Overview reference
Other Implementations
Problem
Goal
Simply obtain a valid url from the command line, determine if the given url has a rss feed ( <url>/feed). If it does, display a list of all the items and allow the user to open a post by clicking on an item.
Pseudo-code
- Get url from user
- Make request to url
- Find rss feed link
- Check if rss feed exists: like content is in url/feed
- Else return not found
- Make request to feed link
- Create UI to display news feed
Solution
Get url from user
def geturlfromuser() -> str:
userinput: str = input("Type in a valid url ")
return userinput
This method simply retrieves the user’s url.
Validate Url
Before making any requests, we have to know if it points to something. Therefore with the urlparse module, I can extract the protocol or scheme from the user’s input and check if it is either an http or https scheme.
def validateurl(url: str) -> bool:
parsed = urlparse(url)
allowedscheme = ["http", "https"]
scheme: str = parsed.scheme
return scheme in allowedscheme
Remove trailing slashes
This function ensures there are no trailing / characters at the end of the user’s url.
def cleanurl(url: str) -> str:
if url[len(url) - 1] == "/":
return url[0: len(url) - 1]
else:
return url
Fetch the xml file at the user’s url
Once the url has been validated and cleaned up, we can make requests. Since we are simply retrieving data, the HTTP verb GET should suffice. Unlike JS where any bad response (4xx and 5xx status code) gets thrown as an error, you would have to raise the status to get a similar experience using the requests module. However when the status code is 2xx no error is thrown after response.raise_for_status call.
def fetchxmlasstring(url: str) -> str:
try:
response = requests.get(url)
response.raise_for_status()
return response.text
except HTTPError as httperror:
print("Errror:fetchxmlasstring {}".format(httperror))
except Exception as e:
print("General excepton: {}".format(e))
else:
print("done")
The response content can be read from the text property of the response object. As seen above there are two except blocks with different exception /error type. This allows us to narrow down the reaction of our program based on the type of exception thrown.
Get Item elements from XML
After that, it is time to extract the needed elements of the xml tree. According to this article, the most recent blog posts or articles are represented as item elements in the tree. The children nodes of each item element provides basic information about the specific post. For instance article title, description and link. For this exercise, only these elements are needed. By using the ET module the string xml content can be transformed into an object with methods allowing for specific item selection.
def getitems(content: str) -> List[Item]:
root = ET.fromstring(content)
items: List[Item] = list()
print("finding items")
for item in root.findall(".//item"):
title = item.find("title").text
description = item.find("description").text
link = item.find("link").text
item: Item = Item(title, description, link)
items.append(item)
return items
You may wonder, why did I use “.//item” and why not “item” ? I did actually, until I read the documentation in more detail. Based on the documented syntax, searching and selection by the tag alone means selection of DIRECT child nodes with the given tag e.g. item. If you open an RSS XML file, you’d notice that the item elements/nodes are not direct children of the root. Thus root.findall(“item”) would return nothing or an empty list. On the other hand, by using “.” ( current node) and / (a level down the current node) we can specify the level at which the selection should begin. Try to view the tree with an xml to json tree online tool; you should see that the item falls under the channel node, which is a direct child of the root node.

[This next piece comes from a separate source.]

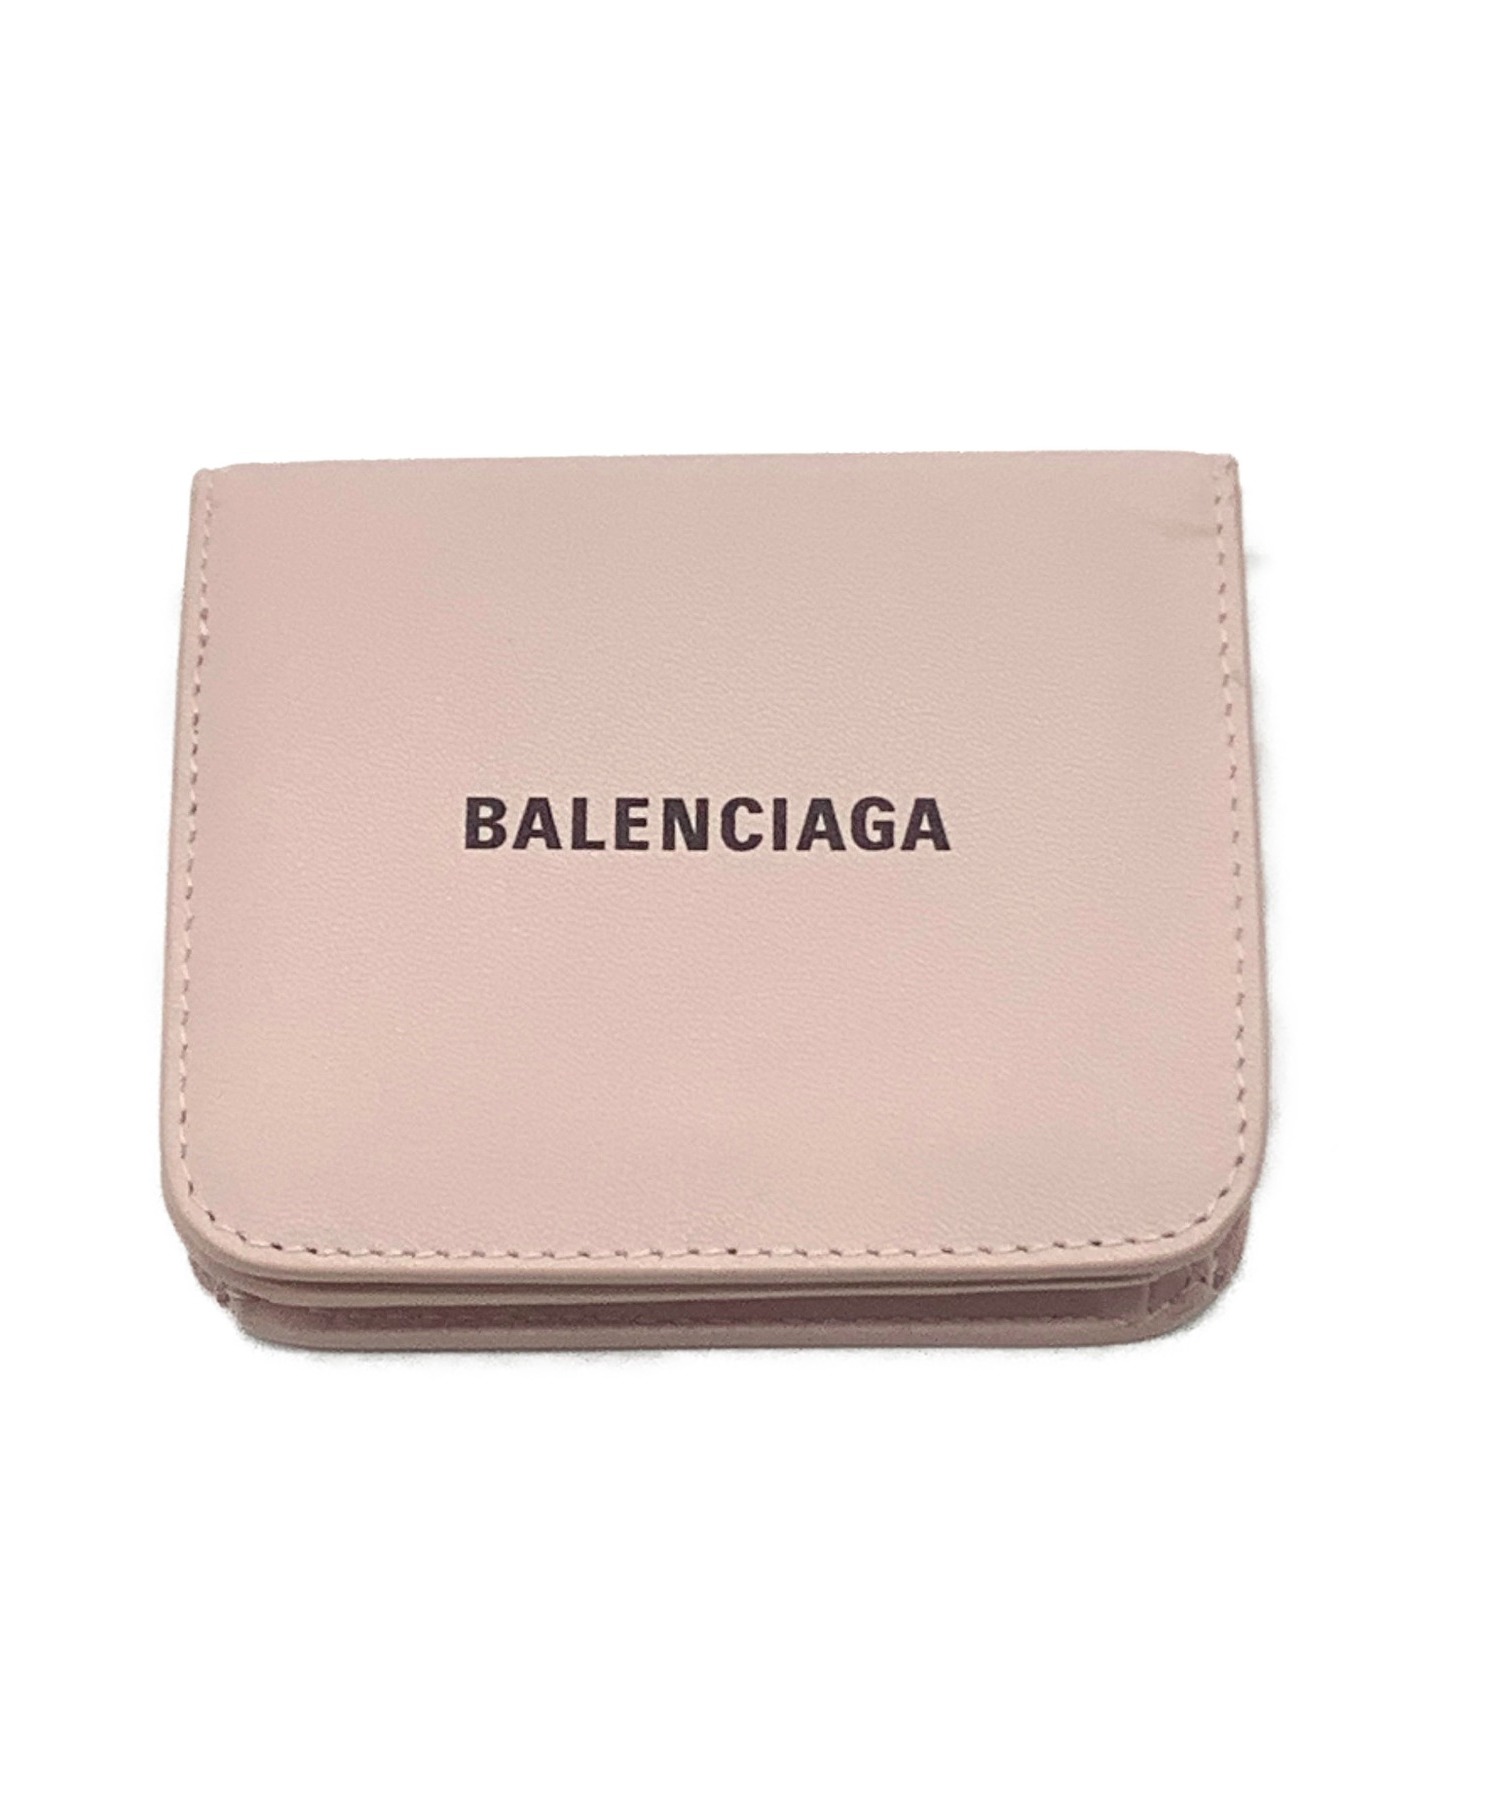 BALENCIAGA (バレンシアガ) 2つ折り財布 ピンク 594216

Note: .// would mean, two levels below the current node.
Setup the Graphical User Interface
With all the effort we’ve put in, we have to see something right? . Tkinter is apparently a well known module for quickly drawing up an interface in python. The expected GUI for this exercise is a list of items, each showing two non editable text fields ( title and descriptions) and a button ( for opening of the post in a browser).
def setupui(items: List[Item]) -> None:
top = tkinter.Tk()
for item in items:
label = tkinter.Label(top, text=item.title)
button = tkinter.Button(top, text="Open Post",
command=item.openbrowser)
description = tkinter.Message(top, text=item.description)
label.pack()
description.pack()
button.pack()
tkinter.mainloop()
Since each button has to open a browser to a different url, i decided to create a class for each item which has title, description and link instance variables. The link value will be used by the instance method called “openbrowser”, which will be bound to the corresponding button element. Once the elements are created, the gui is displayed.
class Item:
title: str
description: str
link: str
def __init__(self, title, description, link):
super().__init__()
self.title = title
self.description = description
self.link = link
def openbrowser(self) -> None:
webbrowser.open_new_tab(self.link)
Start the Method
def start():
url: str = geturlfromuser()
isvalid: bool = validateurl(url)
if isvalid == True:
cleanedurl: str = cleanurl(url)
content: str = fetchxmlasstring("{}/feed".format(cleanedurl))
if content and len(content) > 0:
items: List[Item] = getitems(content)
setupui(items)
else:
print("invalid url {}".format(url))
Run Script

Running python script for RSS Feed GUI
Full Code
Author Notes
This is most likely not the cleanest implementation, just a heads up.